DAY 27 FRIDAY| MAY 01, 2020
PSALM 13:3 | 3 Consider and answer me, O LORD my God! Give light to my eyes, or I will sleep the sleep of death.
This means that we must look at other kinds of Christians as coworkers and fellow members of the family. Different kinds of churches are pursuing ministry together and finding ways to cooperate across ecclesial lines and denominational differences. Recently we borrowed St. Francis Xavier Catholic Church for a memorial service too large for our gym and then the new Sanctuary at the Franciscan Renewal Center for another life celebration.
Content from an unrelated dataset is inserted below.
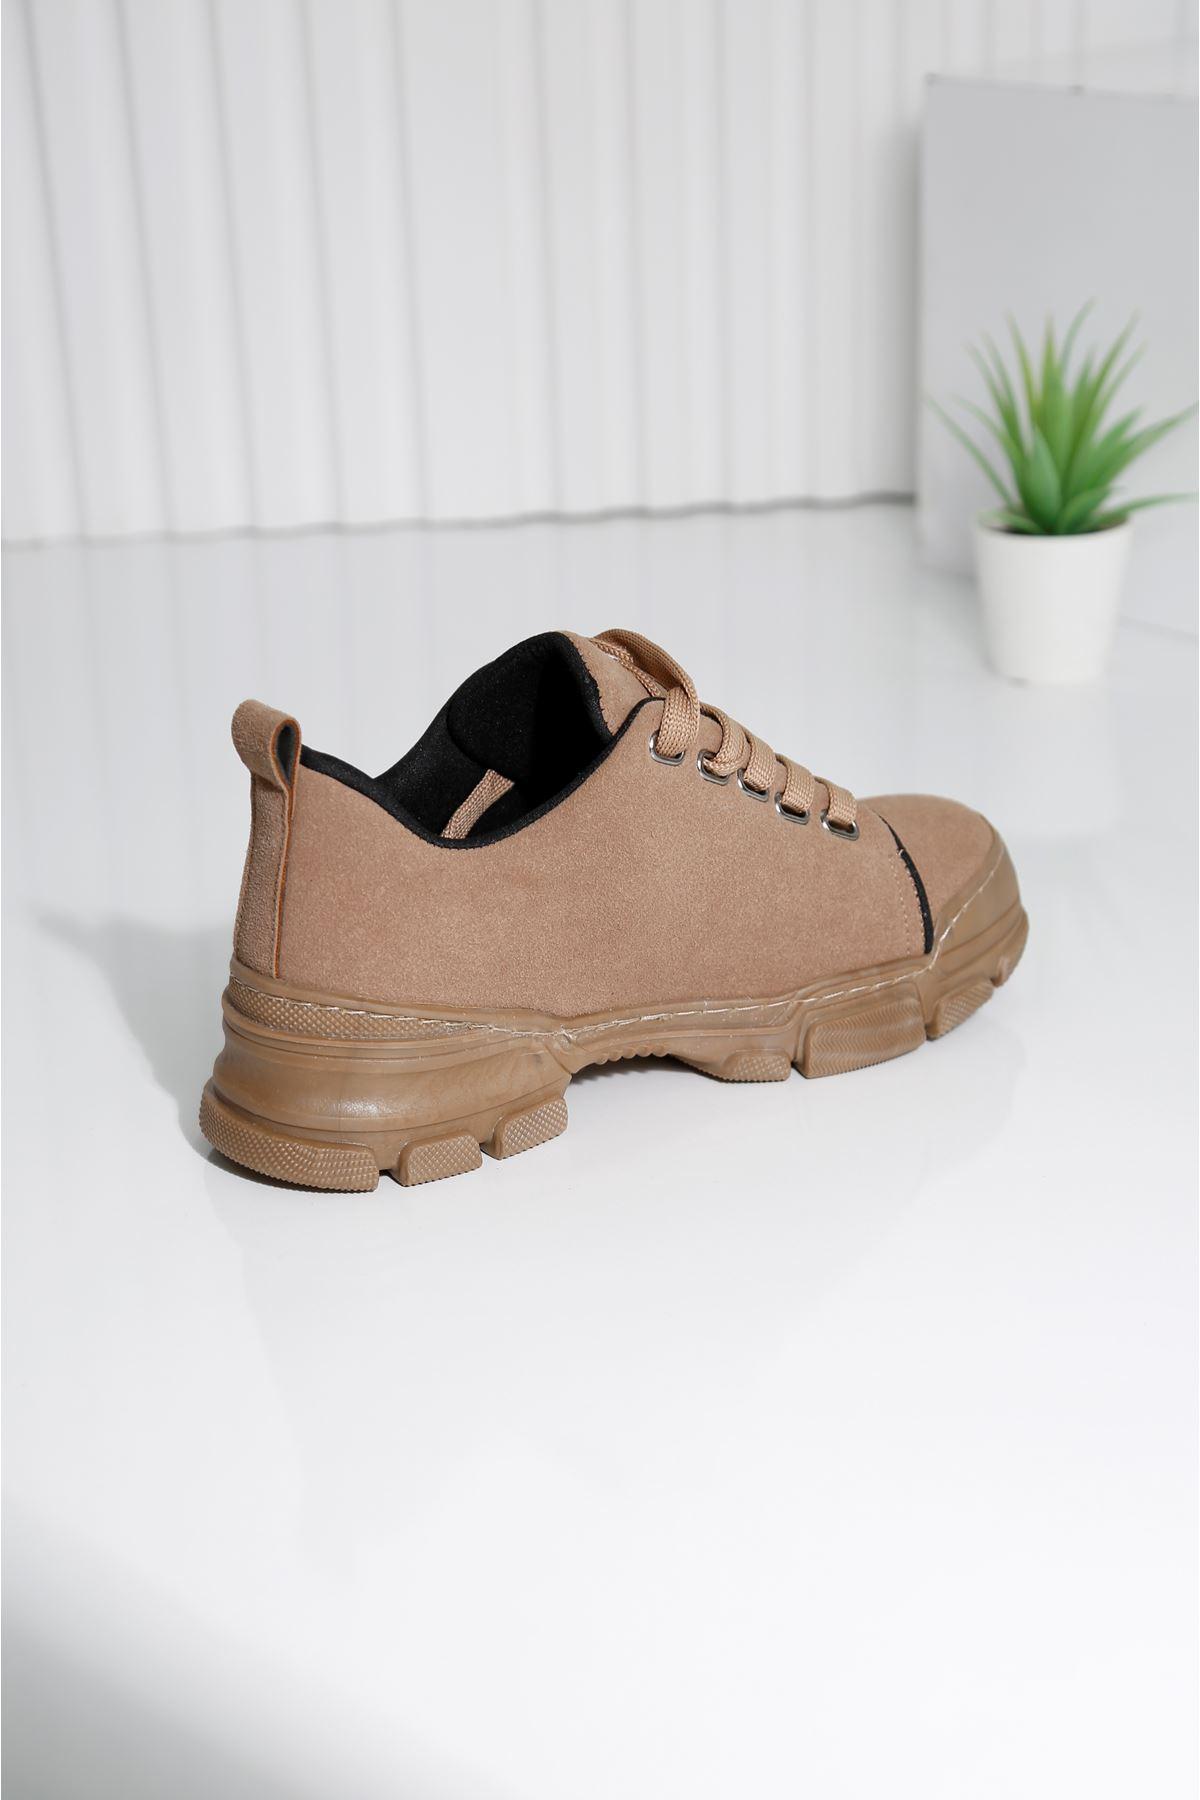 STANFORD Kahverengi Süet Spor Ayakkabı

The Jesuits and then the Franciscans were gracious and generous to share facilities and staff and musicians. Scottsdale Bible Church has been helping us plan our cafÊ and plays a major role in supporting MentorKids. Mountain View Presbyterian is a regular partner in youth work and worship. As our culture becomes more secular we need to see other churches as allies and not competitors. Pray for other church communities you know. To accomplish the world’s reconciliation we need cooperation. Do you agree?
DAY 28 SATURDAY| MAY 02, 2020
2 CORINTHIANS 5:19 | 19 that is, in Christ God was
reconciling the world to himself, not counting their trespasses against them, and entrusting the message of reconciliation to us. Learning to look at others with new eyes is a key spiritual practice for all of us. Use this prayer today to encourage new vision in your life. Dear Lord, Retrain my eyes. Let me see others as you do. Give me realistic eyes that see flaws and problems. Give me hopeful eyes that see potential and transformation. Give me gospel eyes that trust your power to bring healing to pain and wholeness where there is brokenness. Let me see where the old is passing away and the new is being formed. Help me cross boundaries and expand my view to unexpected people and unfamiliar faces. Show me ways to see and support other Christians. Bring out in me the fruits of your Holy Spirit, that my words and deeds may we be wise and reconciling. I ask in Jesus’ name. Amen.